• _Task goal_
Please leave out pictures and print exactly the lines from the one that has "Jimmy choo beige" through the last line of the material below.

• _Data excerpt_
┄┄┄┄┄┄
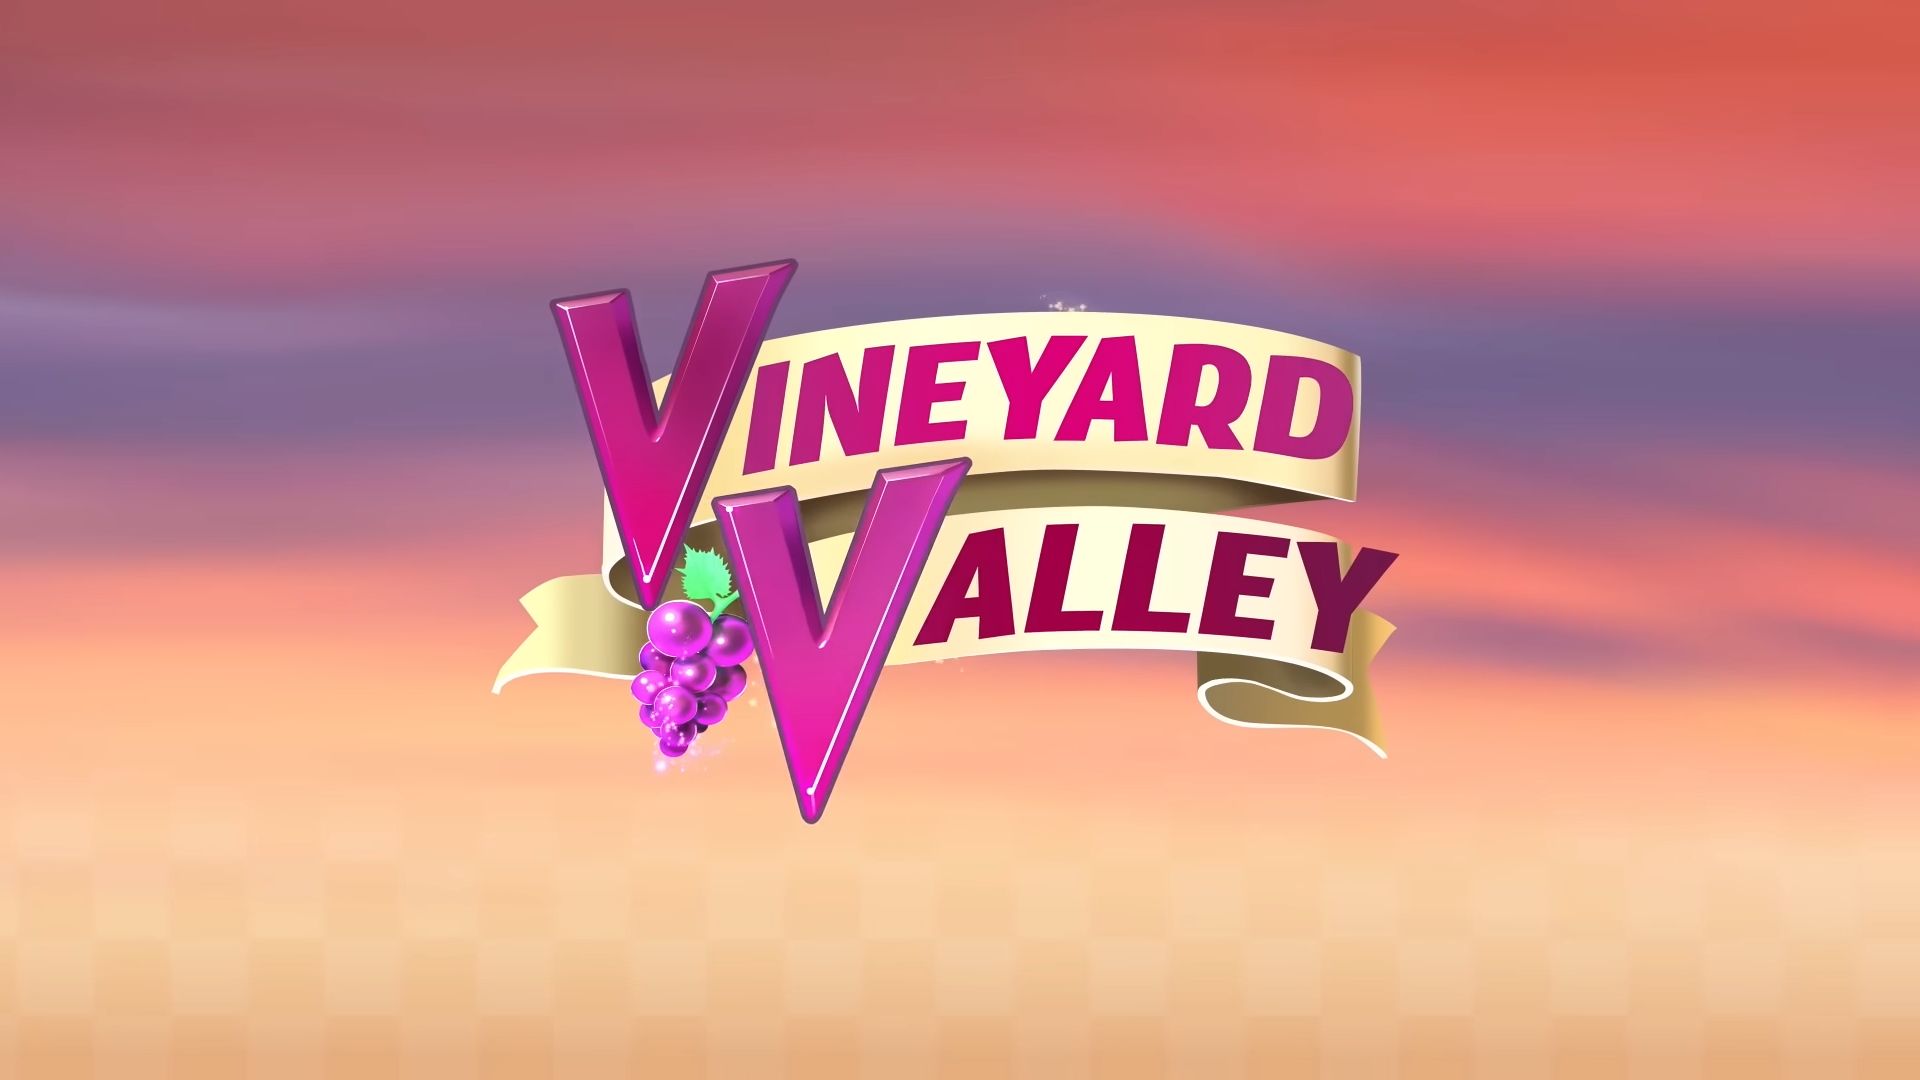 Download Vineyard Valley NETFLIX Android free game.
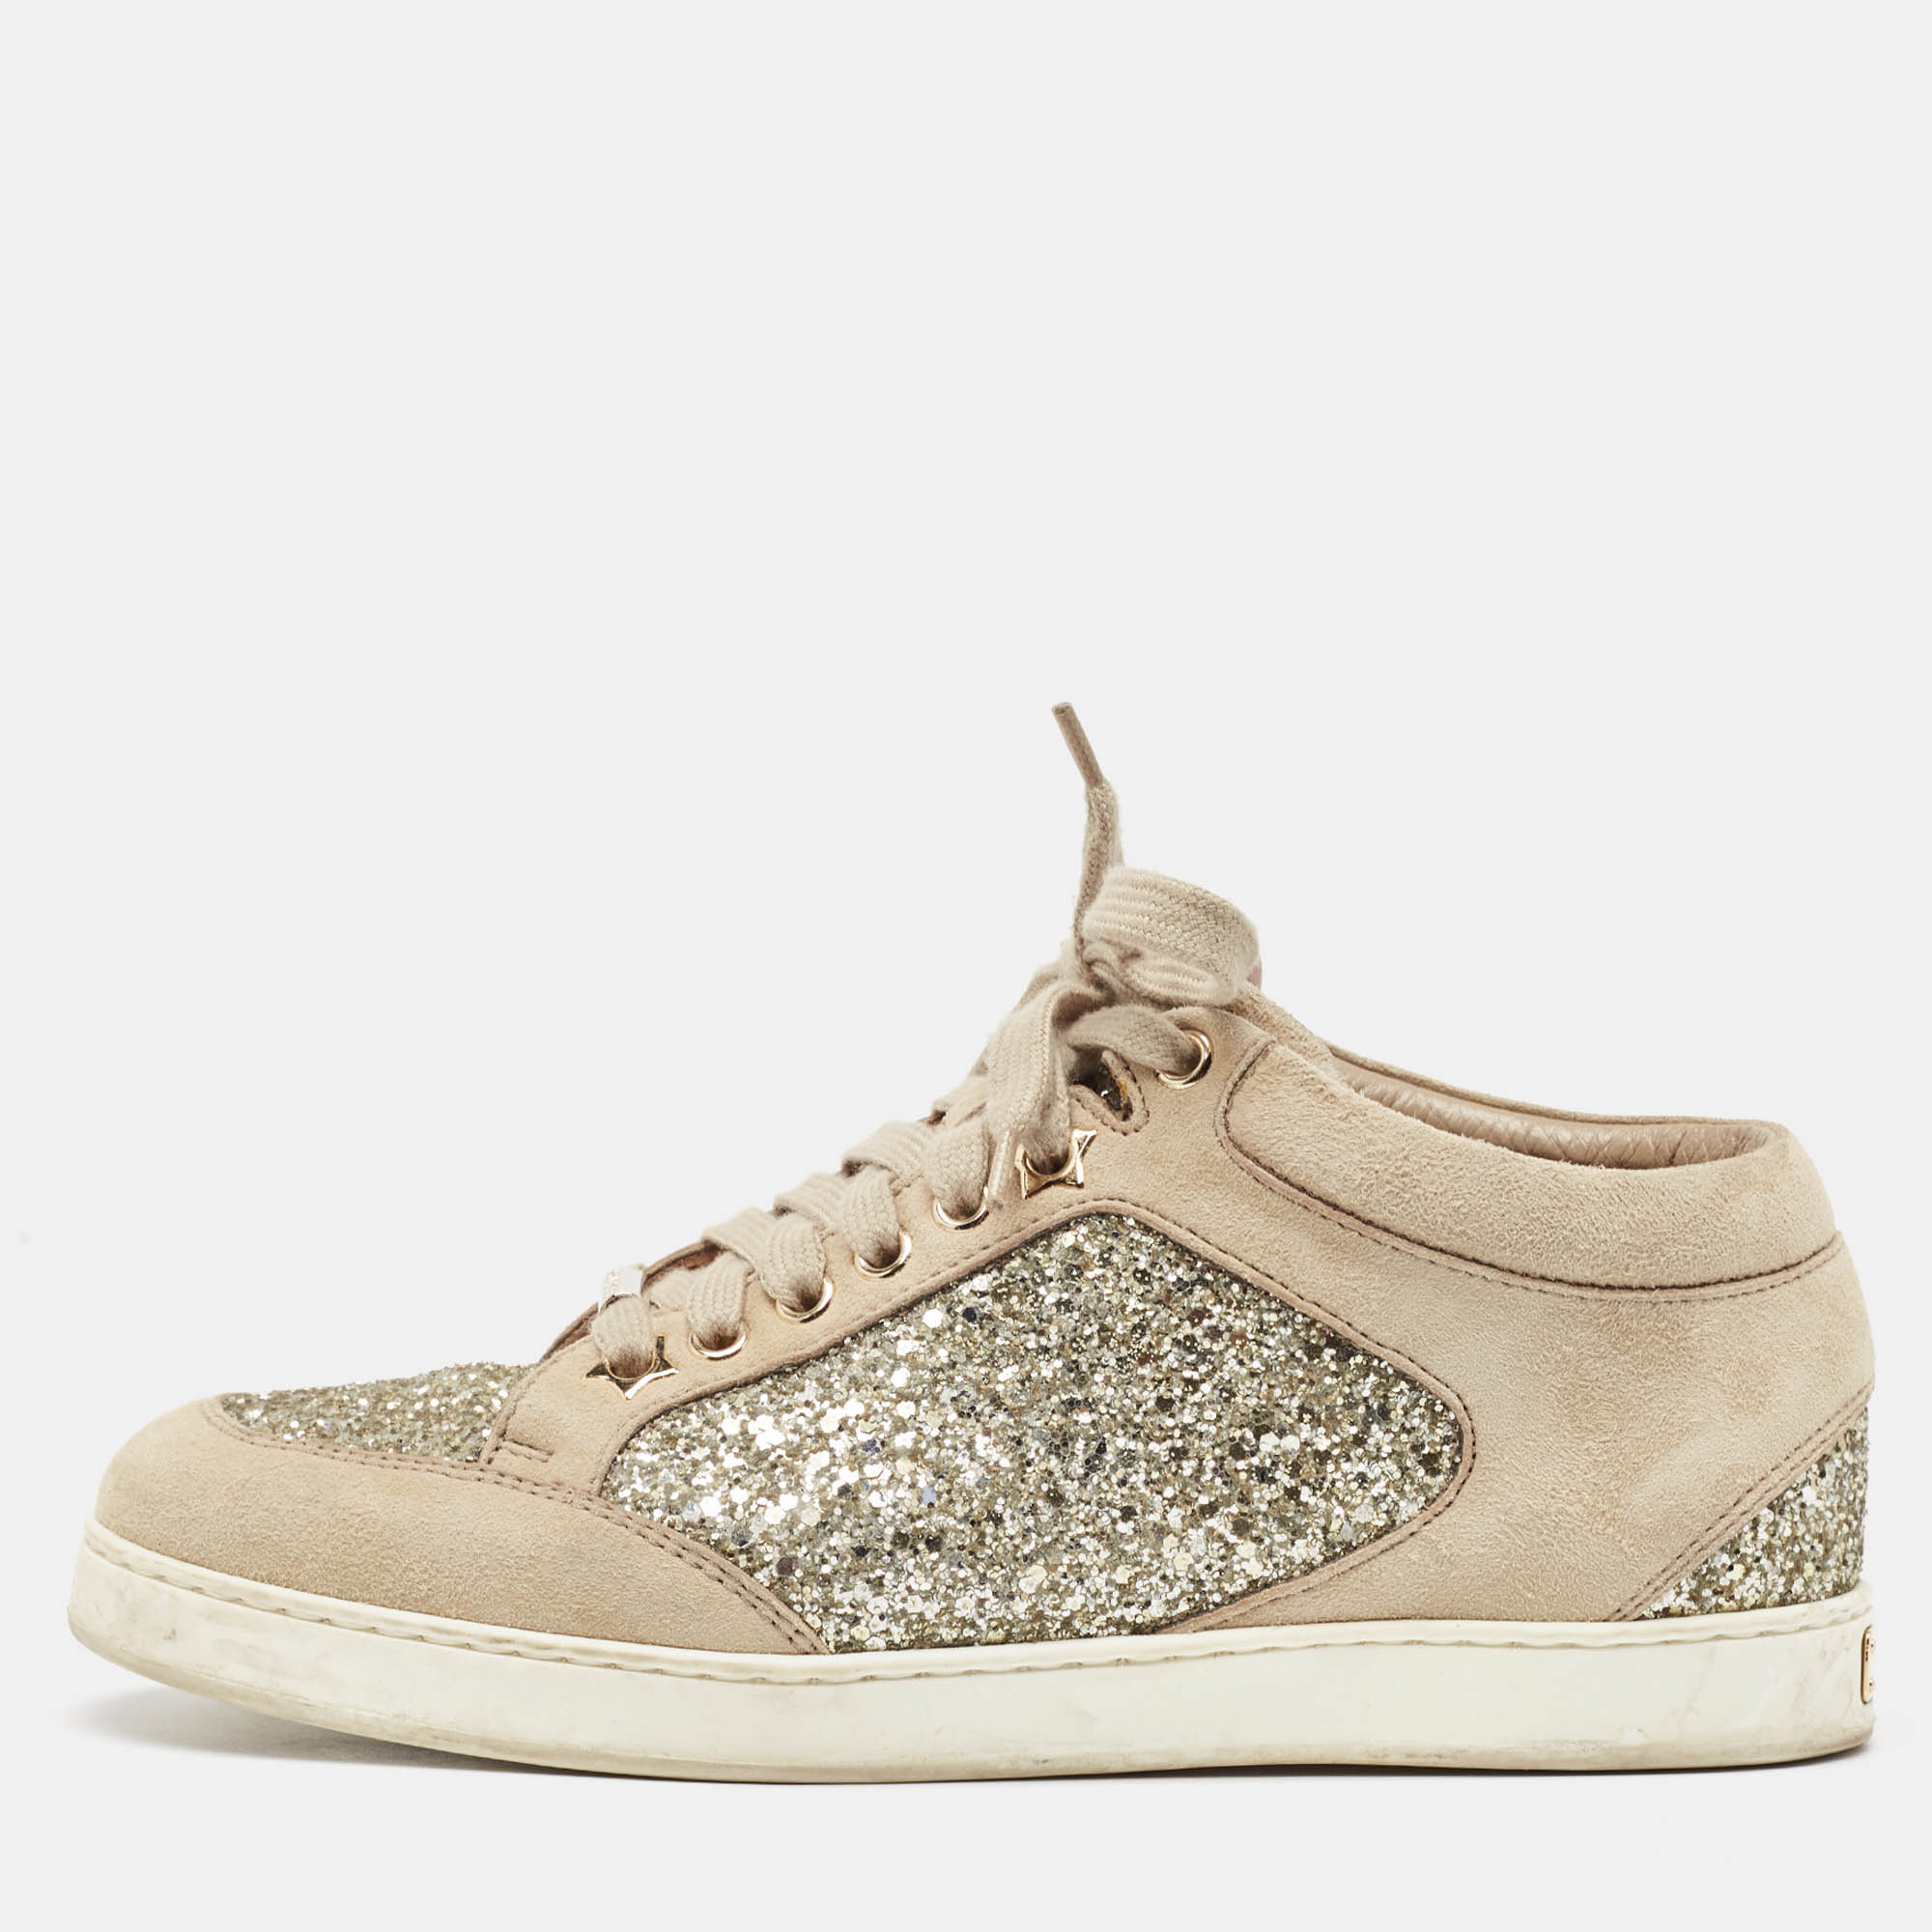 Jimmy choo beige glitter and suede miami sneakers size 36
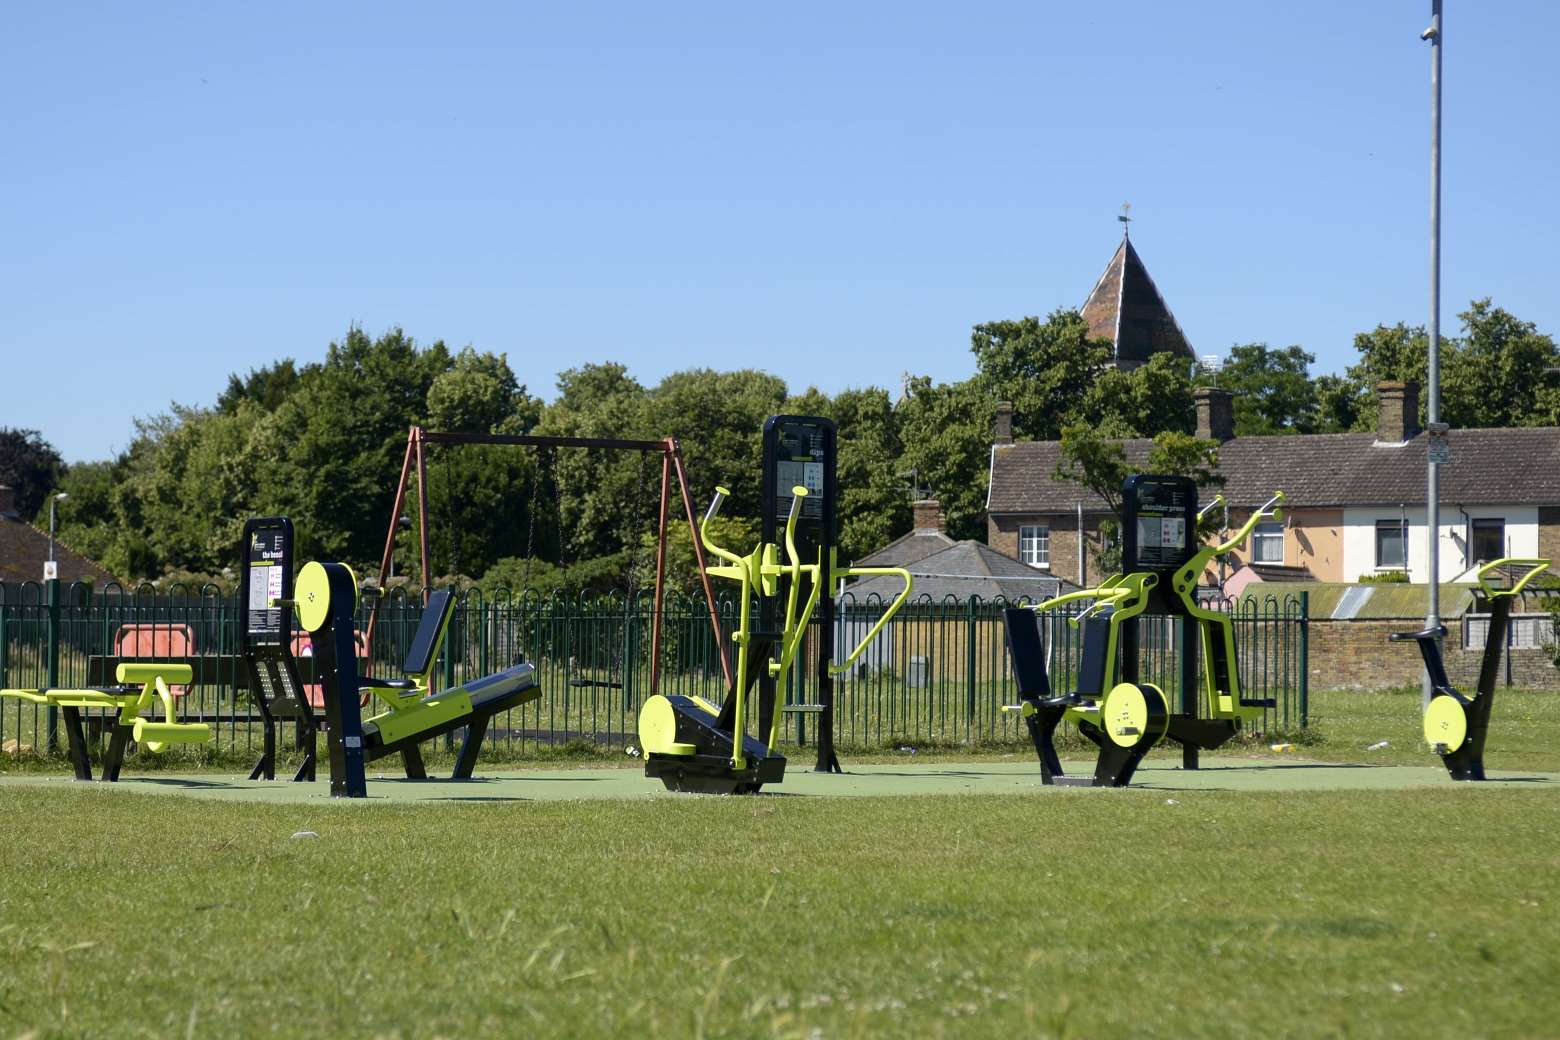 Faversham's first outdoor gym has been built and opened at Reedland Crescent park.
┄┄┄┄┄┄
• _Solved exercise_
 Jimmy choo beige glitter and suede miami sneakers size 36
 Faversham's first outdoor gym has been built and opened at Reedland Crescent park.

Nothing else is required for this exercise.